Они ехали по узенькой дорожке, проложенной между золотистой рожью. Солнце начинало садиться и, яркими своими лучами рассыпаясь по чистому небу, манило в бесконечную даль, где чернелся лес, сквозь который, как зарево пожара, просвечивалось оно. Дорога была гладкая. Федор Андреич усилил бег лошади и спросил Аню:

– Не боитесь?

– Нисколько! напротив, очень весело.

– Если так, то держитесь крепче: я пущу лошадь во всю рысь.

Аня слегка обхватила Федора Андреича рукой, а другою уцепилась за подушку дрожек.

– Крепче, крепче держитесь! – твердил Федор Андреич и пустил лошадь.

Лицо его ожило; он с напряжением следил за лошадью, прищелкивал языком и, казалось, весь перешел в вожжи, которые держал, как ученый кучер.

Аня же, поджав свои ноги, держась за Федора Андреича и приложив свою голову к его плечу, звучно смеялась и в то же время щурилась от быстроты мелькавших перед ней колосьев ржи.

Въехав в лес, Федор Андреич утишил бег лошади, повернул голову к Ане и, поцеловав ее в лоб, спросил:

– Ну что?

От неожиданной ласки Аня покачнулась назад; дрожки, наехав в ту минуту на кочку, подбросили ее, как мячик, кверху, и она очутилась на земле.

Страшный крик вырвался из груди Федора Андреича. Он бросил вожжи, соскочил с дрожек и кинулся к Ане, которая уже стояла на ногах и, дрожа всем телом, силилась улыбаться. Она не столько испугалась своего падения, сколько крика Федора Андреича и его бледности.

– Не ушиблись ли вы? – нетвердым голосом произнес Федор Андреич.

– Мне ничего! – пугливо отвечала Аня, очищая свое платье и собирая свои волосы, рассыпавшиеся при падении. Она стала искать гребенку свою, но собрала только мелкие куски и, держа их в руках, со слезами глядела на них.

Федор Андреич, заметив сломанную гребенку, рассердился:

– Вот ваши шалости, вот до чего они вас доводят! Ну что вы теперь будете делать с вашими волосами?

Аня поспешно разняла их на две косы и стала заплетать.

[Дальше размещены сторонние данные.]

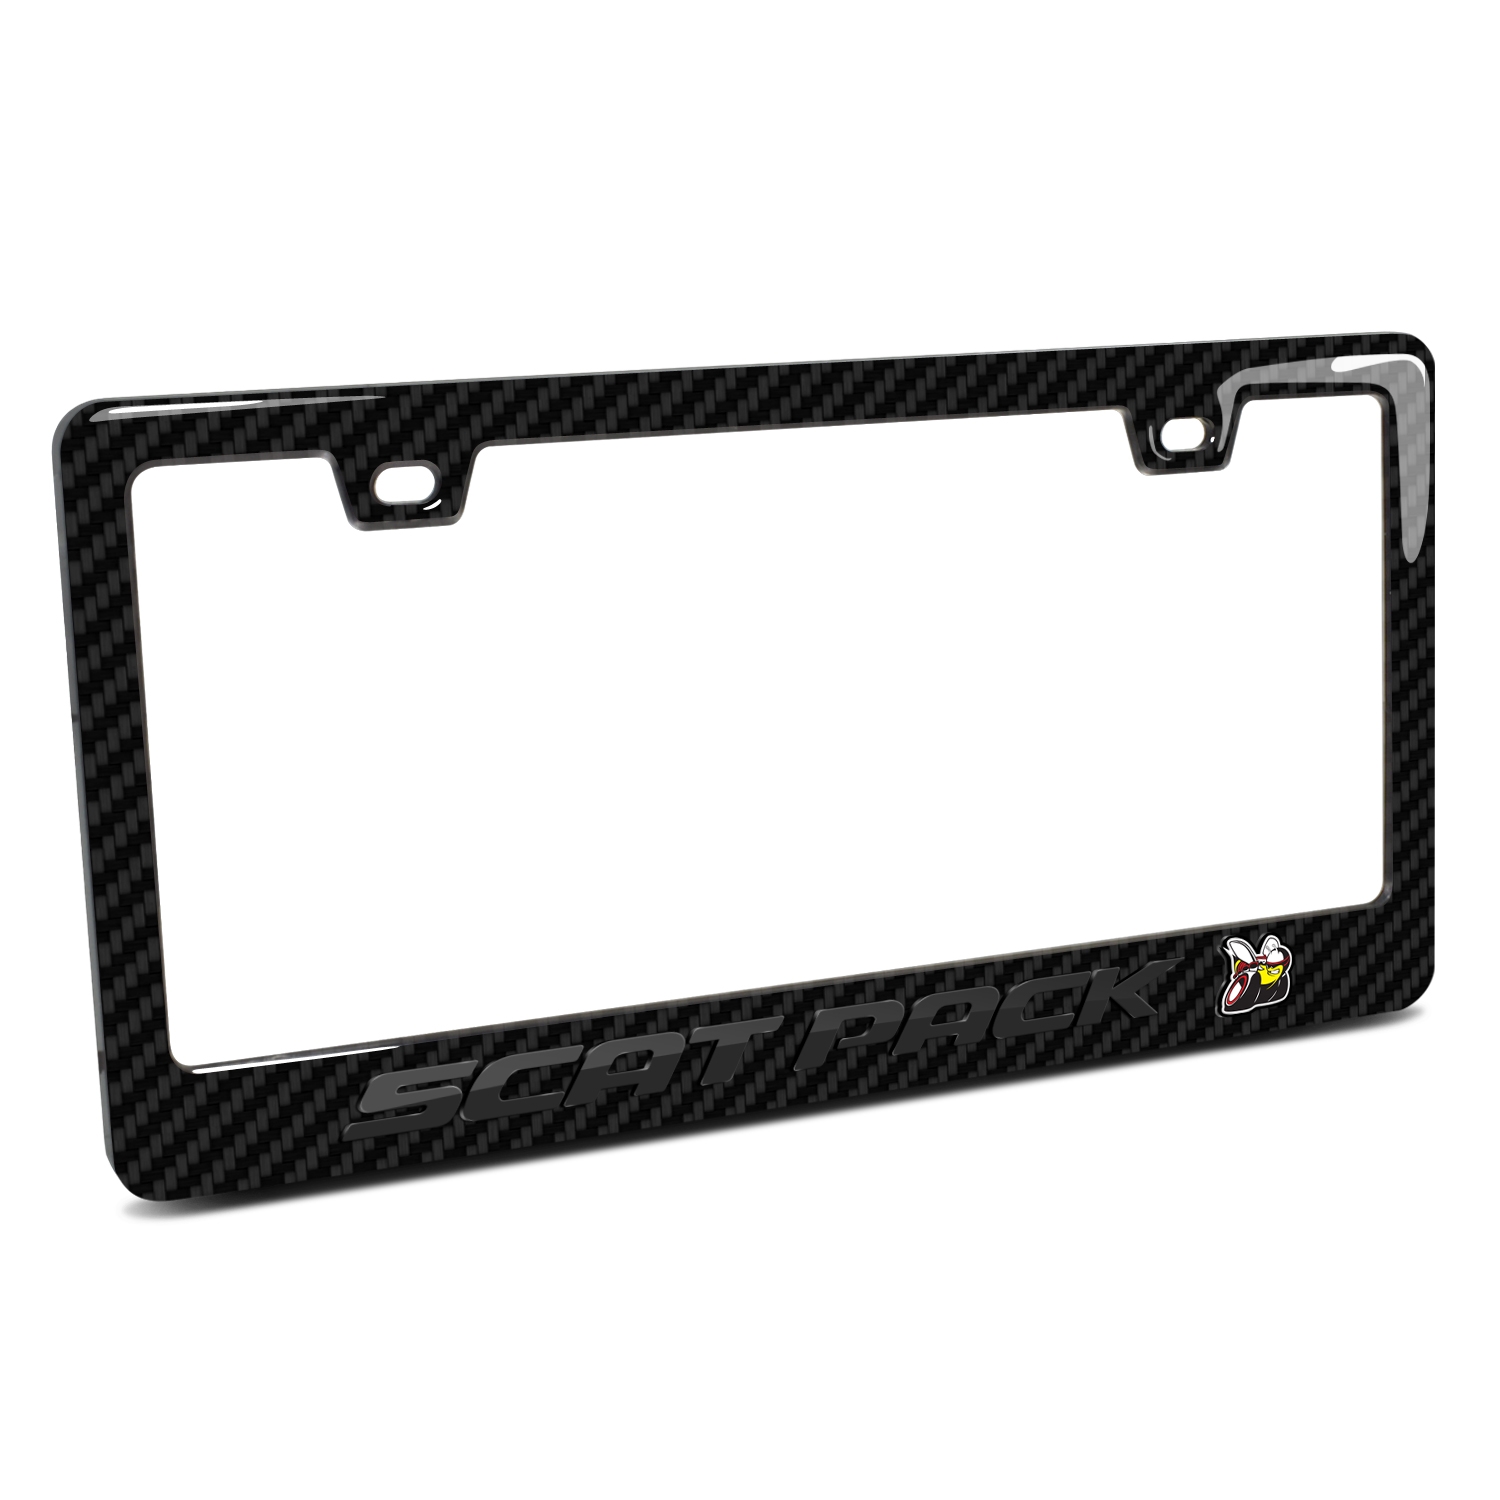 Dodge Scat-Pack Full Color in 3D Black on Black Real 3K Carbon Fiber Finish ABS Plastic License Plate Frame

Федор Андреич молча ждал окончания, и когда Аня, забросив свои косы назад, взглянула на него, гнев уже исчез с его лица. Она робко сказала:

– Я вас рассердила?

– Признаюсь, вы хоть кого из себя выведете.

Тут только он хватился лошади; но ее не было видно.

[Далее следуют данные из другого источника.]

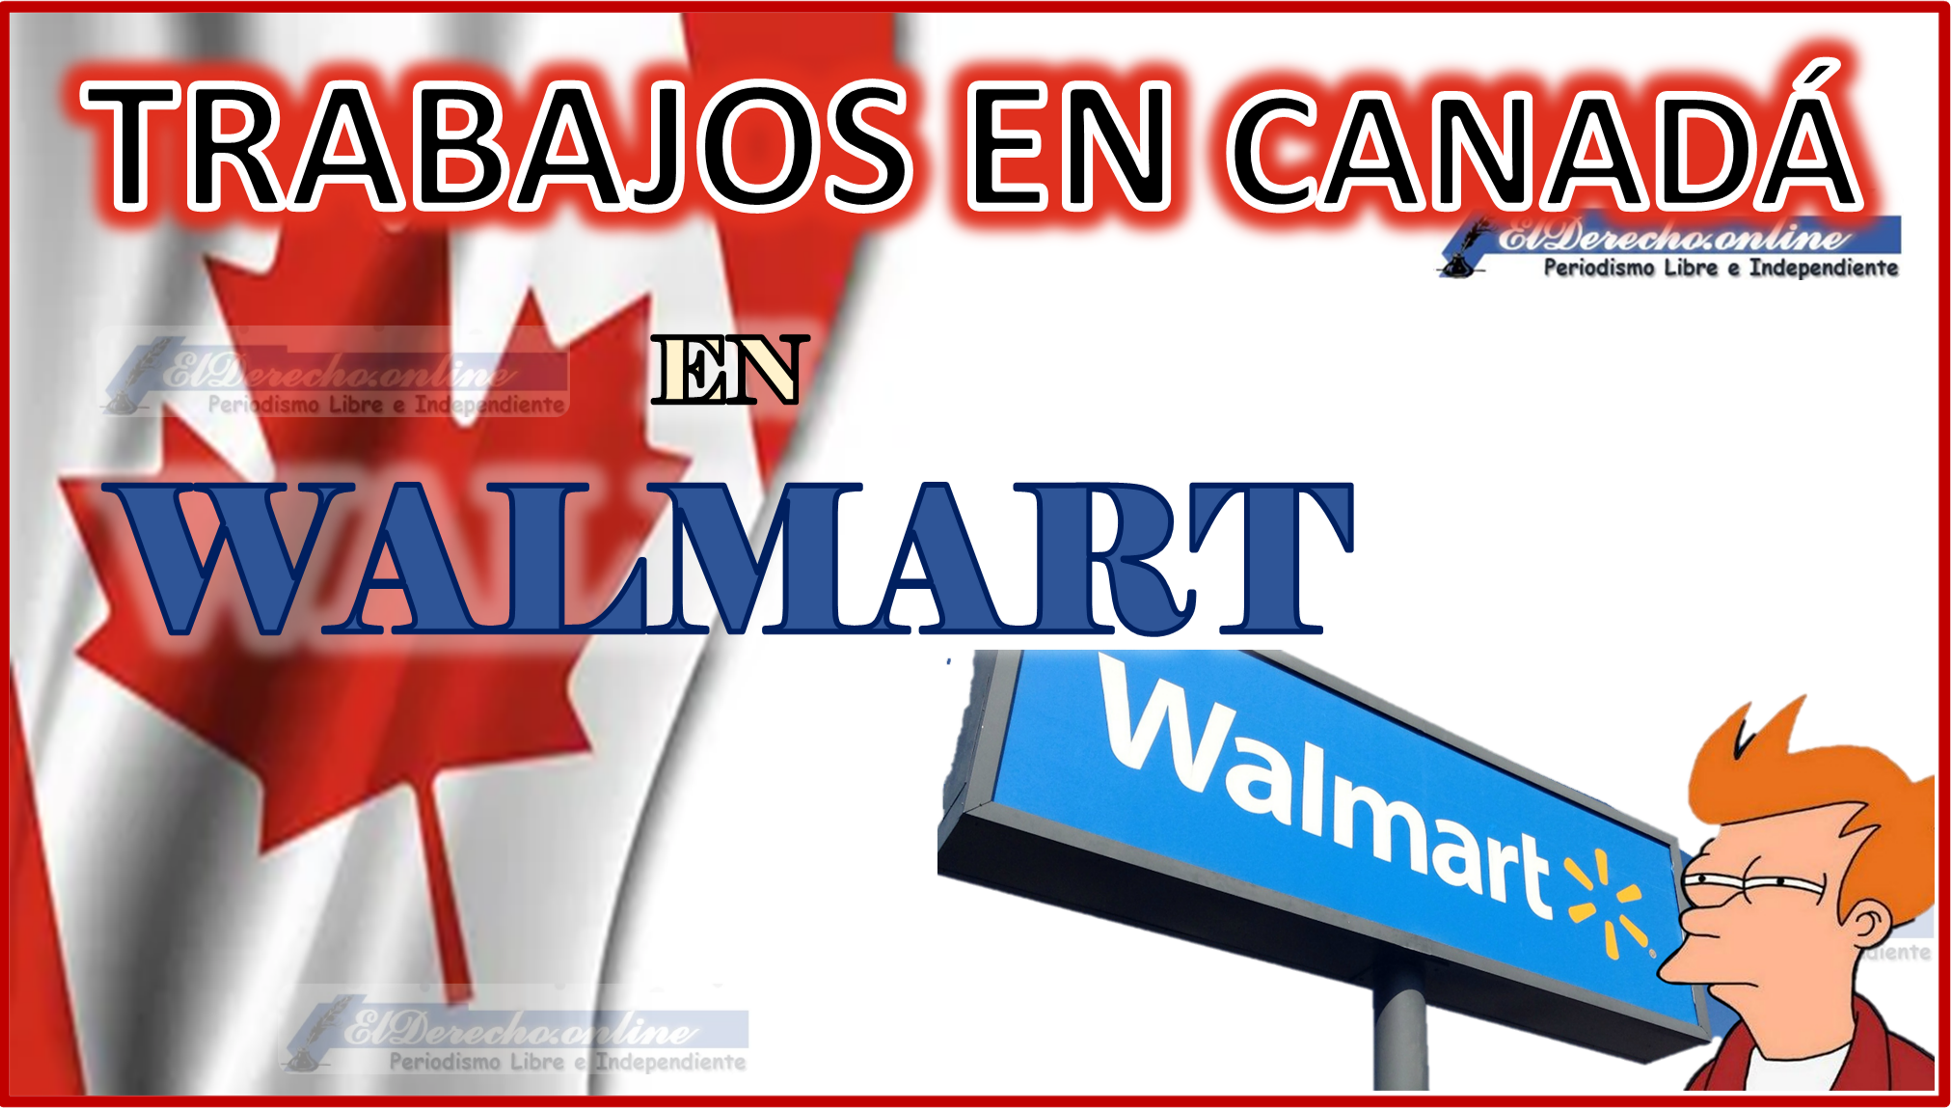 Trabajos en Walmart Canadá 2023 - 2024

– Боже мой! где она? чтоб не сломала себе ноги! – в отчаянии воскликнул он и чуть не бегом пустился, свистя пронзительно.

Невдалеке послышалось ржание. Федор Андреич пошел тише и свободно вздохнул. Аня первая открыла дрожки, которые, зацепись колесом за молоденькое дерево, стояли боком, а лошадь спокойно щипала дубовые листья с отростков и, махая хвостом, отгоняла докучливых комаров, усевшихся у ней на спине.

Федор Андреич заботливо осмотрел лошадь и дрожки и, найдя, что всё было в целости, вывел лошадь на дорогу и сел на дрожки, сказав Ане:

– Извольте садиться; теперь уж некогда, делать прогулки: пора домой.

И он посадил Аню вперед и, когда лошадь тронулась с места, прибавил:

– Не бойтесь: я тихо поеду; но всё-таки держитесь за меня, а то опять упадете!

– Я уж не упаду-с, – отвечала Аня, уклоняясь.

– Вздор! сидите смирно! – резко сказал Федор Андреич.

И он пустил лошадь маленькой рысью.

По лицу Ани можно было заключить, что ей не нравилась заботливость Федора Андреича; она кусала губы, вертелась и вдруг вскрикнула:

– Стойте, стойте!

Федор Андреич остановил лошадь и тревожно спросил:

– Что такое?

Аня соскочила с дрожек и, сказав: «Я забыла зонтик», пустилась бежать назад.

– Экая шалунья! – сердито сказал Федор Андреич и крикнул громко:– Назад! назад!

Аня остановилась и тихо пошла к дрожкам.

– Назад! – повторил Федор Андреич, и когда Аня подошла к нему, он спросил своим сердитым голосом, страшно хмуря брови: – Куда вы так бежали? а?

– Взять зонтик!

– И для такой дряни стоит бежать за версту?.. Садитесь! – повелительно прибавил Федор Андреич.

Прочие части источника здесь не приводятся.